Personal information
- Nationality: Croatian
- Born: 22 October 1989 (age 36) Zagreb, Yugoslavia (now Croatia)
- Height: 5 ft 8 in (173 cm)
- Weight: Welterweight; Light middleweight; Middleweight;

Boxing career
- Reach: 66+1⁄2 in (169 cm)
- Stance: Orthodox

Boxing record
- Total fights: 30
- Wins: 24
- Win by KO: 7
- Losses: 6

= Ivana Habazin =

Croatian boxer (born 1989)

Ivana Habazin (born 22 October 1989) is a Croatian professional boxer. She was a four-time world champion, having held the IBF female welterweight title in 2014, WBC female welterweight title and WBA Interim female welterweight title in 2024. She also held the IBO female middleweight title in 2018.

==Early life==
Habazin was born on 22 October 1989 in Zlatar, Croatia. A Catholic, Habazin wanted to enter a monastery at the age of 14, but later decided to pursue a career in boxing, which she began training at the age of 19. She was inspired to begin boxing by the movie Rocky.

She holds master's degrees in Theology, Criminal Justice and International Relations and Diplomacy.

==Professional career==
Habazin made her professional debut in June 2010, against Edit Szigeti, whom she defeated by a first round TKO. Habazin kept her undefeated record over her next nine fights, achieving stoppage victories against Emeke Halas, Ava Kovacs and twice against Daniela Bickei, as well as decision victories against Edita Karabeg twice, Marija Vuković and twice against Suzana Radovanović.

Her 10 fight winning streak earned her the chance to fight Eva Bajic for the vacant IBF female welterweight title.

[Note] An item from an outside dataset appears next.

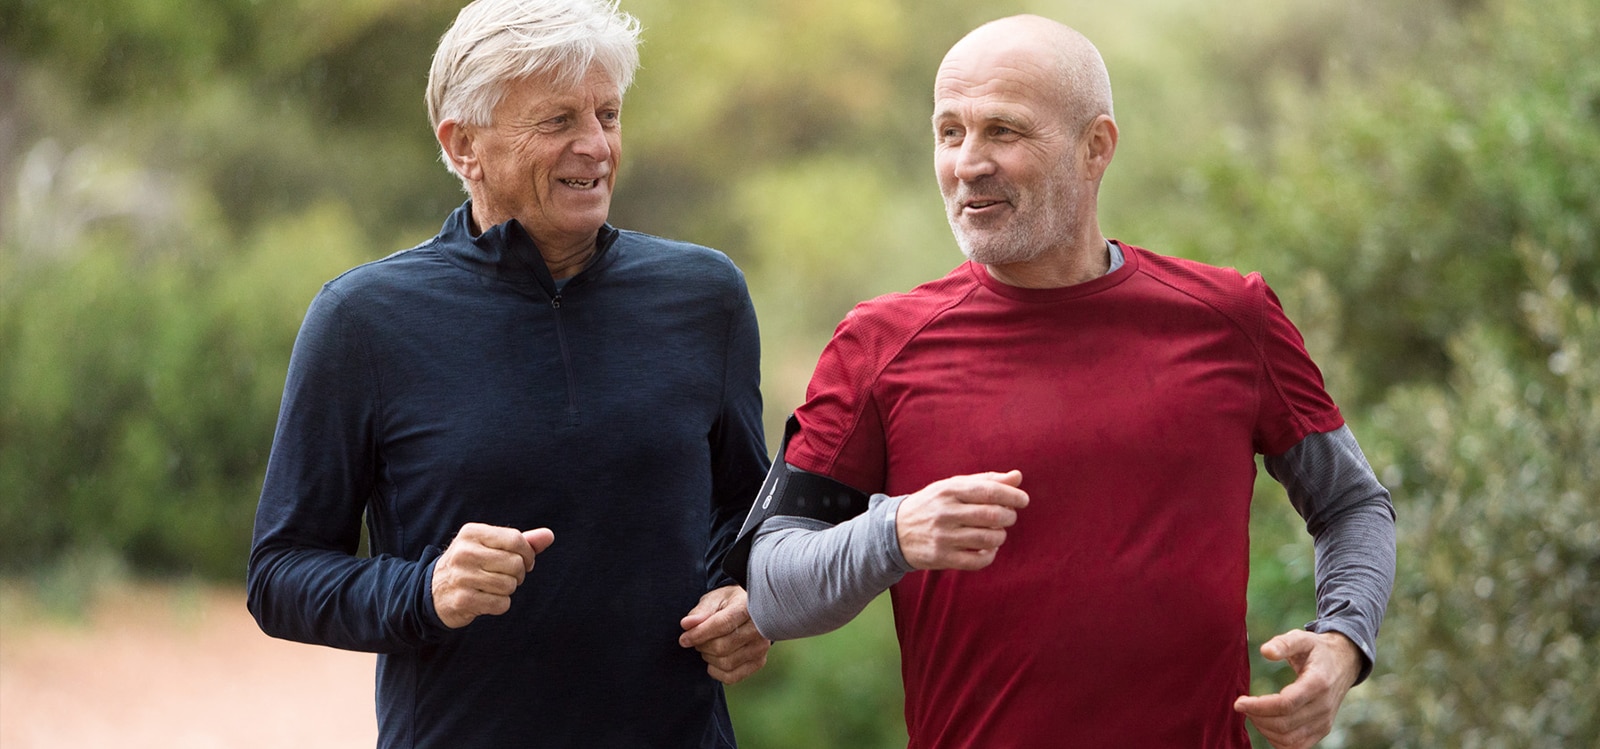 Dva muškarca u pedesetim-šezdesetim godinama trče napolju
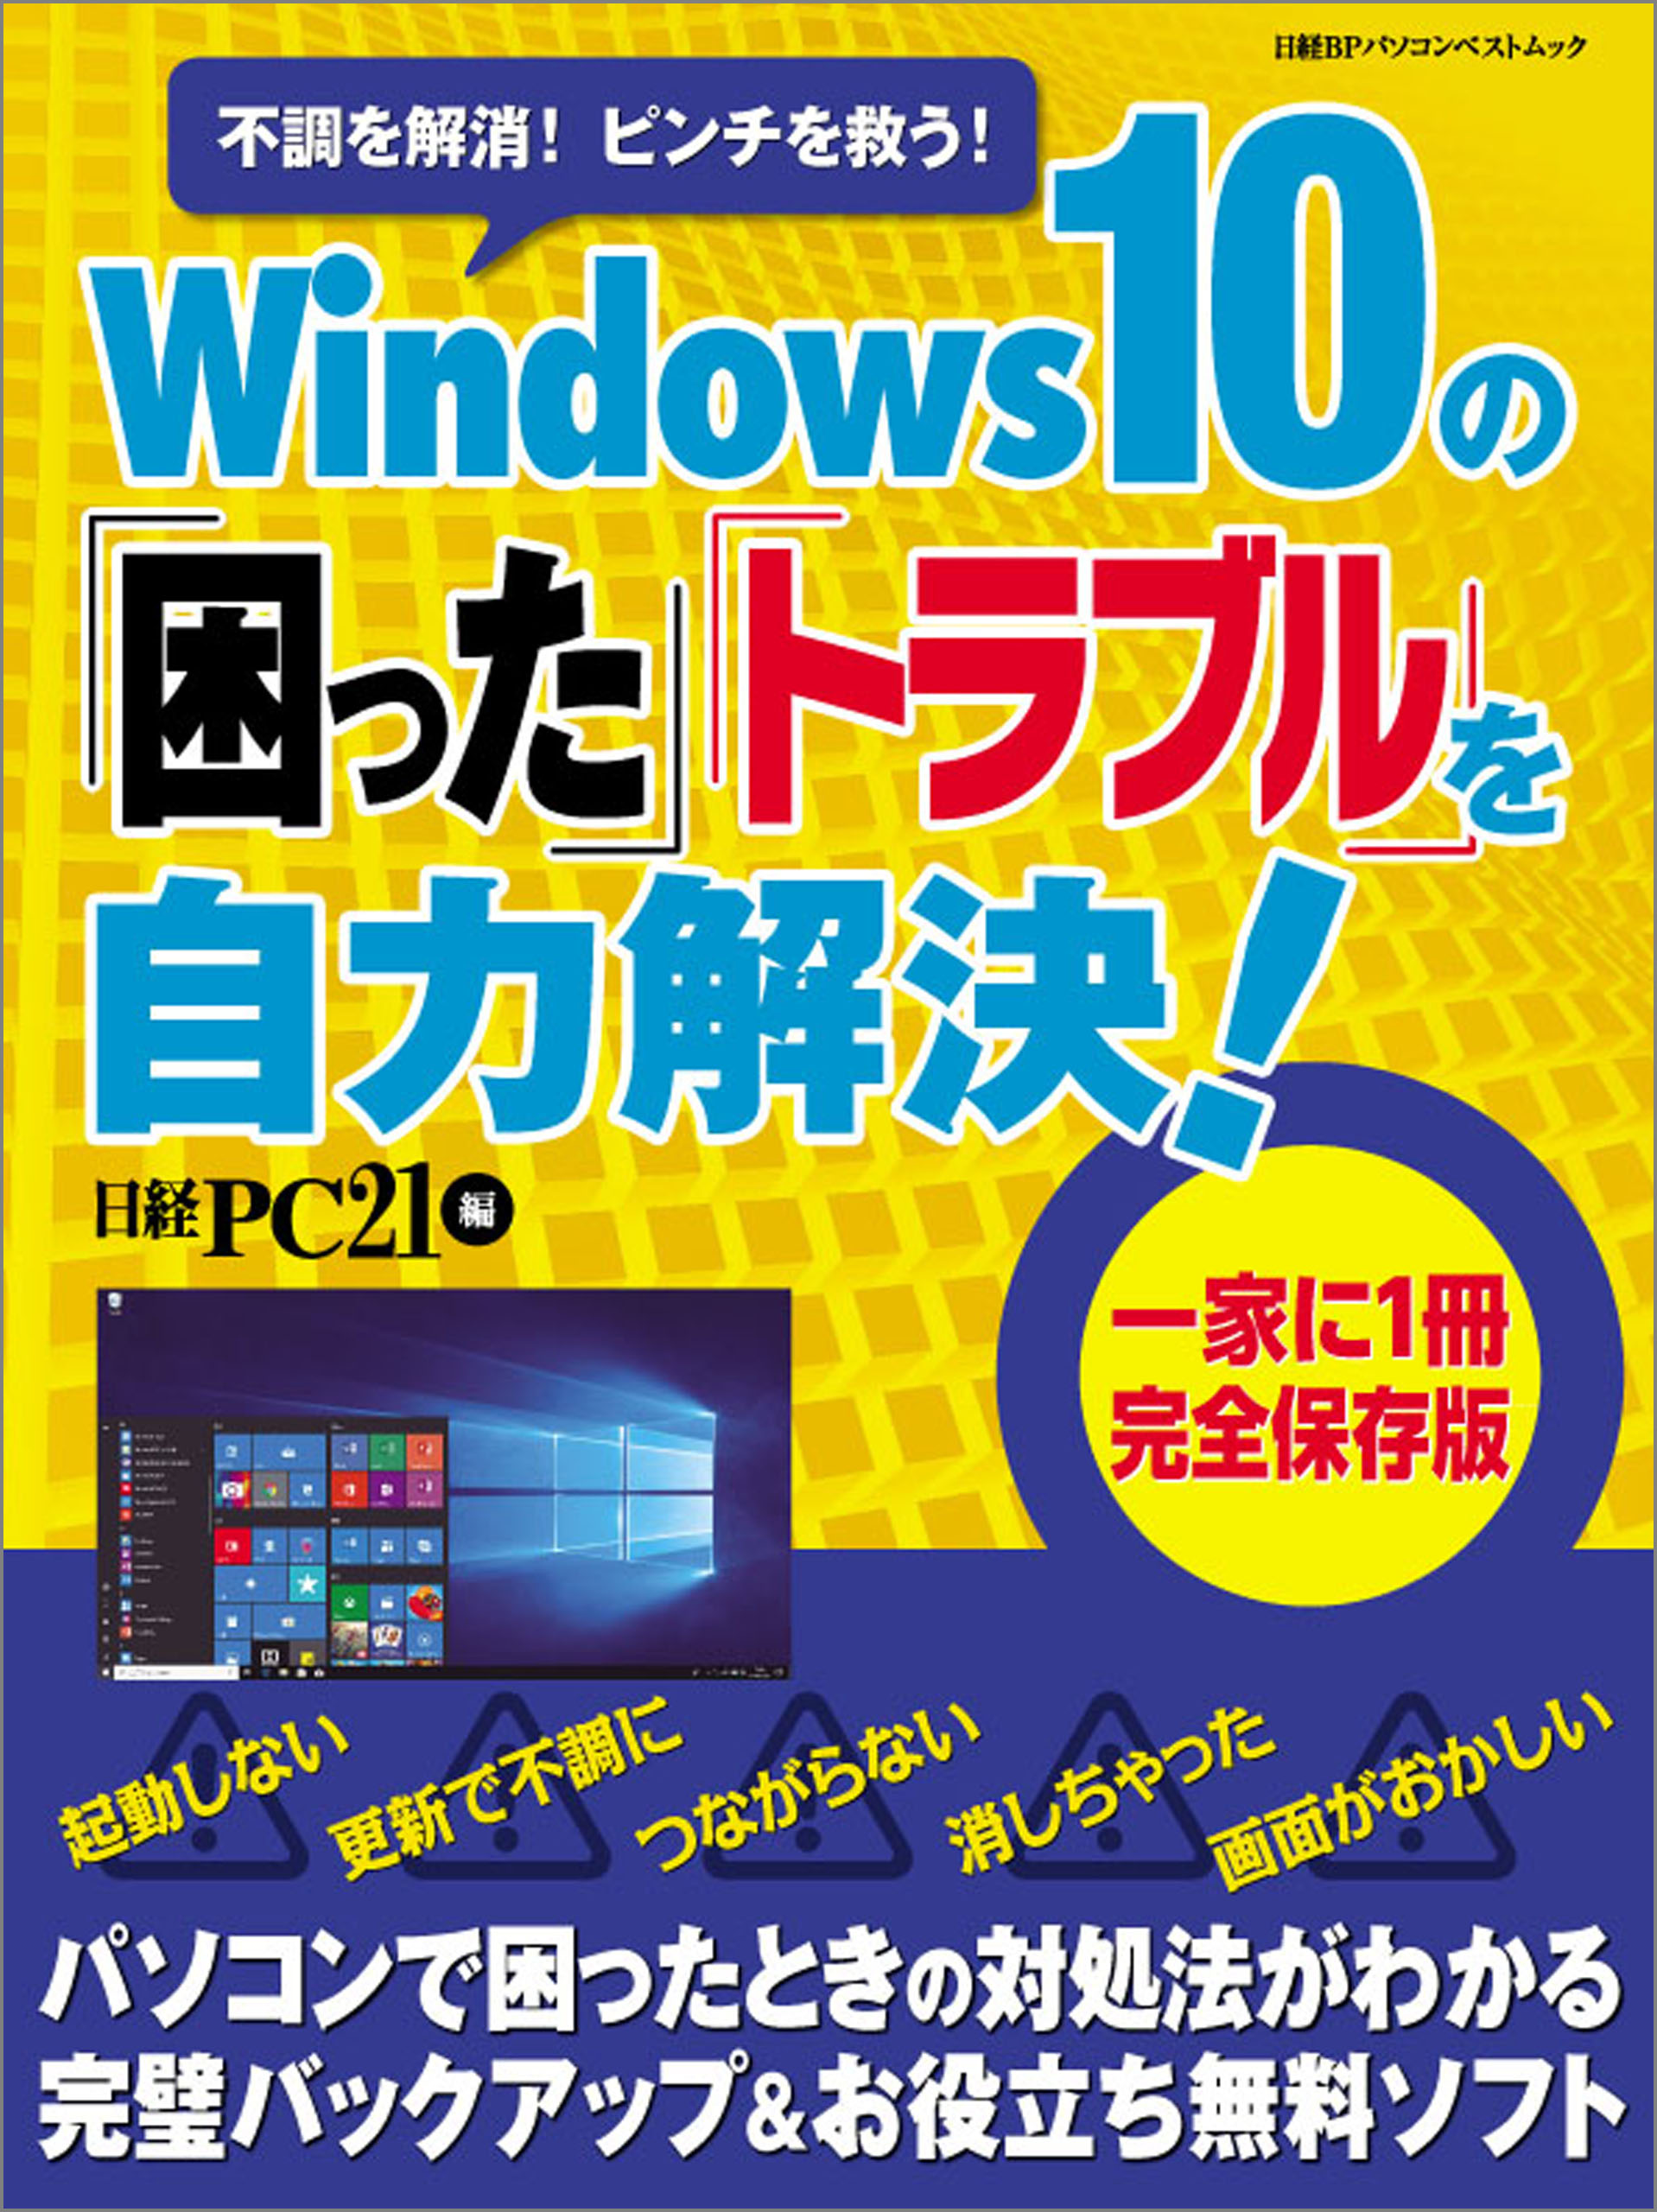 Windows10の「困った」「トラブル」を自力解決！ - 日経PC21 - 漫画

Bajic won the fight by unanimous decision.

Habazin rebounded from this loss with two decision victories, defeating Teodora Georgieva and Borislava Goranova. She once against challenged for the IBF female welterweight title against Sabrina Giuliani in March 2014. Habazin won the fight by split decision. She afterwards scheduled to defend her IBF title against Cecilia Brækhus, who was the defending WBO, WBA and WBC champion. Brækhus won the fight by unanimous decision.

She once again rebounded from this loss with two victories, a decision against Galina Gyumliyska and a first round stoppage of Dajana Bukva. These two victories gave Habazin the chance to fight Mikaela Laurén for the WBC female light middleweight title. Laurén won the fight by a third round TKO.

Following this loss, Habazin would win her next two fights, winning unanimous decisions against Valentina Stanković and Sanja Ristić. She was scheduled to fight Elene Sikmashvili for the vacant IBO female middleweight title. Habazin defeated Sikmashvili by a fifth round TKO. Habazin was scheduled to defend her IBO title six months later against Gifty Amanua Ankrah. Habazin won the fight by unanimous decision. Three months later, Habazin fought a rematch with Eva Bajic, winning the fight by unanimous decision.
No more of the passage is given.